Published: 19:55, February 19, 2020 | Updated: 07:40, June 6, 2023
China’s economic growth seen to slow to 5.3% if epidemic eases
By Edith Lu in Hong Kong

China’s economic growth is expected to slow down to 5.3 percent for this year if the novel coronavirus outbreak could be contained by the end of March, AXA Investment Managers predicted on Wednesday.

The shock caused by the COVID-19 epidemic to the nation’s economic growth in the first quarter is already apparent with a forecast of a 4 percent contraction, down 2 percent quarter-on-quarter, said Aidan Yao Yuan, senior emerging Asia economist at AXA.

If daily new infection cases of the coronavirus remain high and the outbreak is not contained by the end of the first half of the year, the fallout will prolong with full-year economic growth at 4.8 percent

Aidan Yao Yuan

senior emerging Asia economist at AXA

These forecasts, however, are based on the assumption of a benign scenario that daily increases of new infection cases will fall to zero by March 31, and production activities will gradually normalize in the second quarter on a pattern akin to that of the SARS epidemic in 2003.

If daily new infection cases of the coronavirus remain high and the outbreak is not contained by the end of the first half of the year, the fallout will prolong with full-year economic growth at 4.8 percent, Yao said.

Chinese authorities have unveiled a host of relief measures to help businesses and the public ride out the financial difficulties arising from the epidemic.

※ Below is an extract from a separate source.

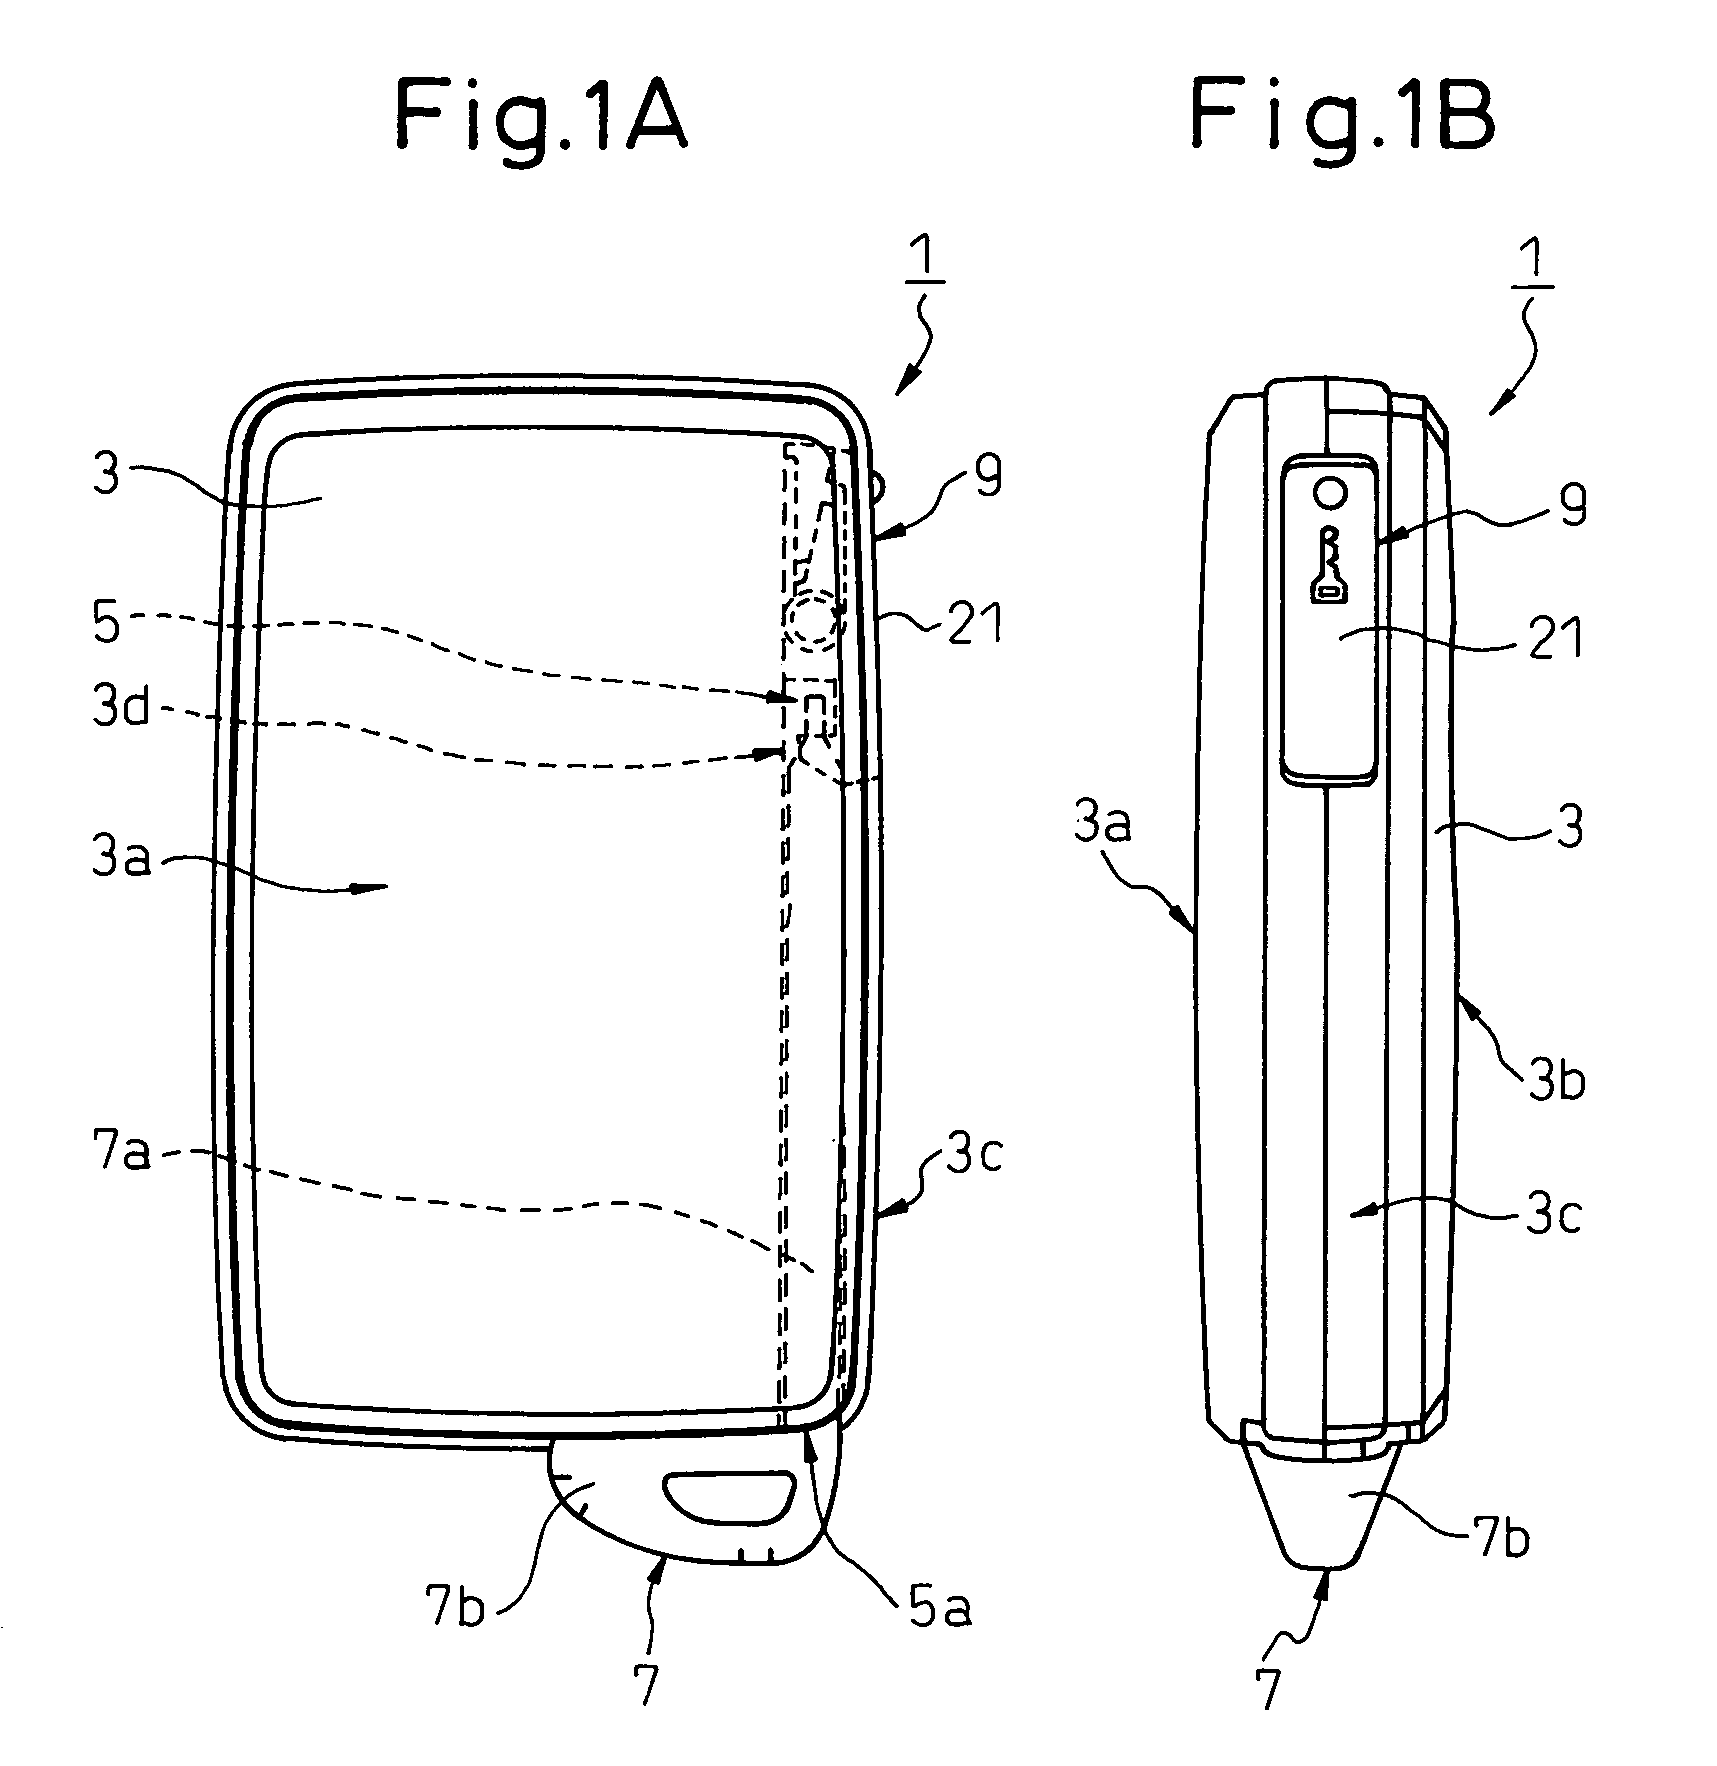 Portable device for electronic key system
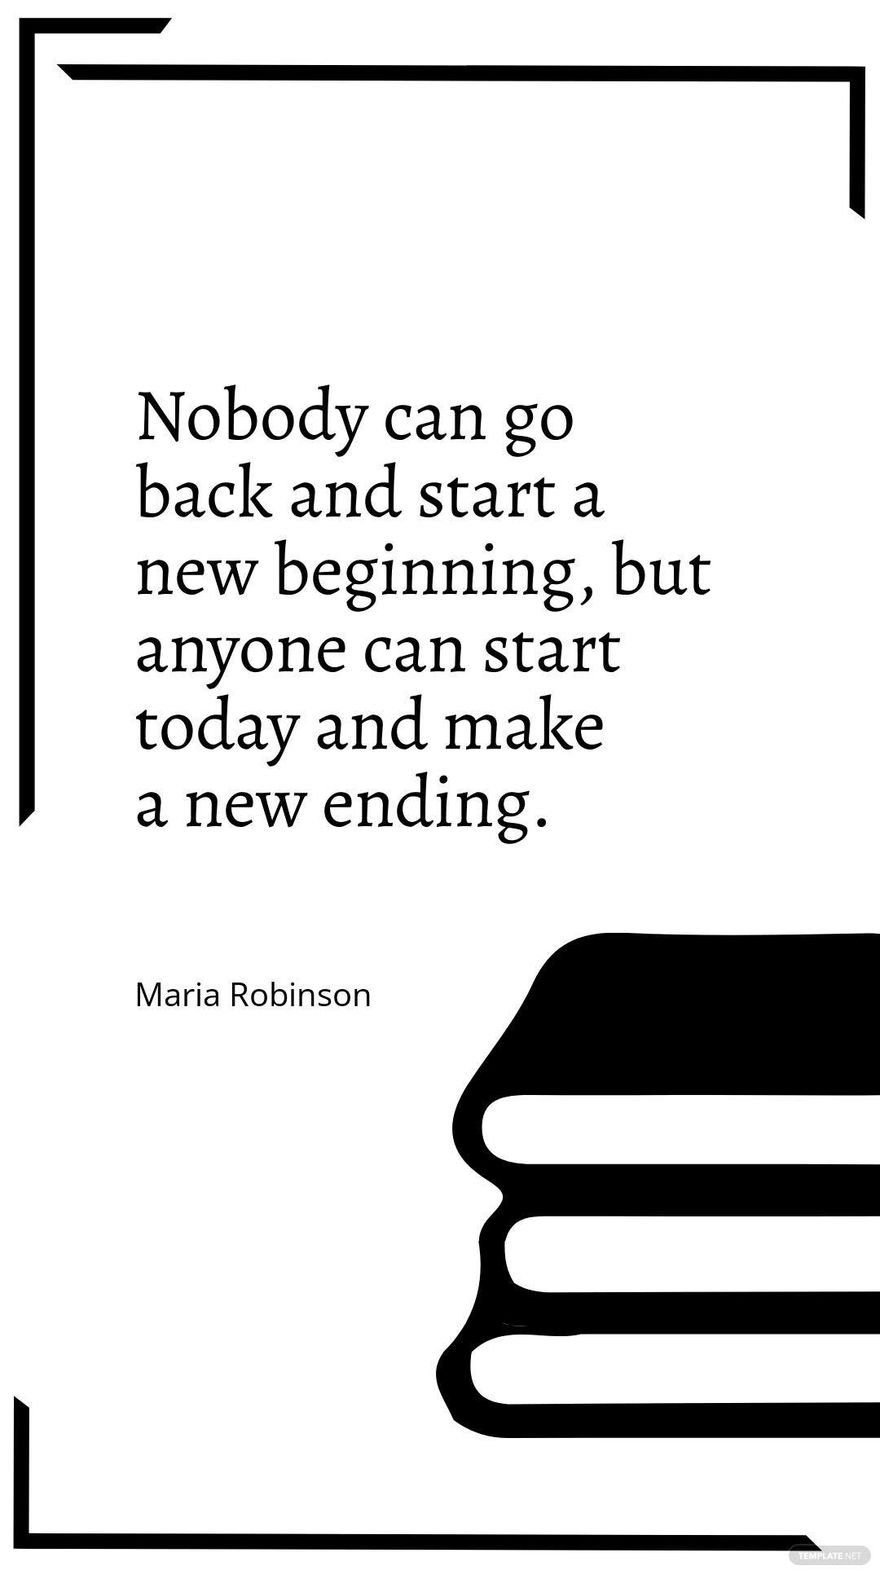 Maria Robinson - Nobody can go back and start a new beginning, but anyone can start today and make a new ending.

The Finance Ministry on Friday allocated an additional 8 billion yuan in a second round of measures to combat the virus, taking the amount so far to 90.15 billion yuan ($12.9 billion).

Yao said it would take some time to assess the effectiveness of these measures. The first phase focuses on containing the virus, while the next phase is expected to shift to economic stimulus packages.

Since people are consuming less and have not returned to work completely, fiscal policies such as tax cuts for small and medium-sized enterprises could support the economy more than monetary measures, Yao said, adding that monetary measures would be more effective after employees are fully back at work.

He does not believe the People’s Bank of China will use the yuan to mitigate the virus impact, noting that central bank intervention has been minimal since the yuan breached the 7 per dollar mark last year. The yuan is expected to hover at around 7 to the greenback by year-end.

Financial markets will be closely monitoring official announcements and reports on further fiscal easing steps, as well as local government support measures and monetary stimuli from the central bank.

The PBOC is expected to announce a cut in the loan prime rate (LPR) – its benchmark for pricing existing floating-rate loans – on Thursday to ease the financial strains on businesses hit by the coronavirus outbreak.

Yao predicts the LPR would be cut by 10 basis points in line with market expectations.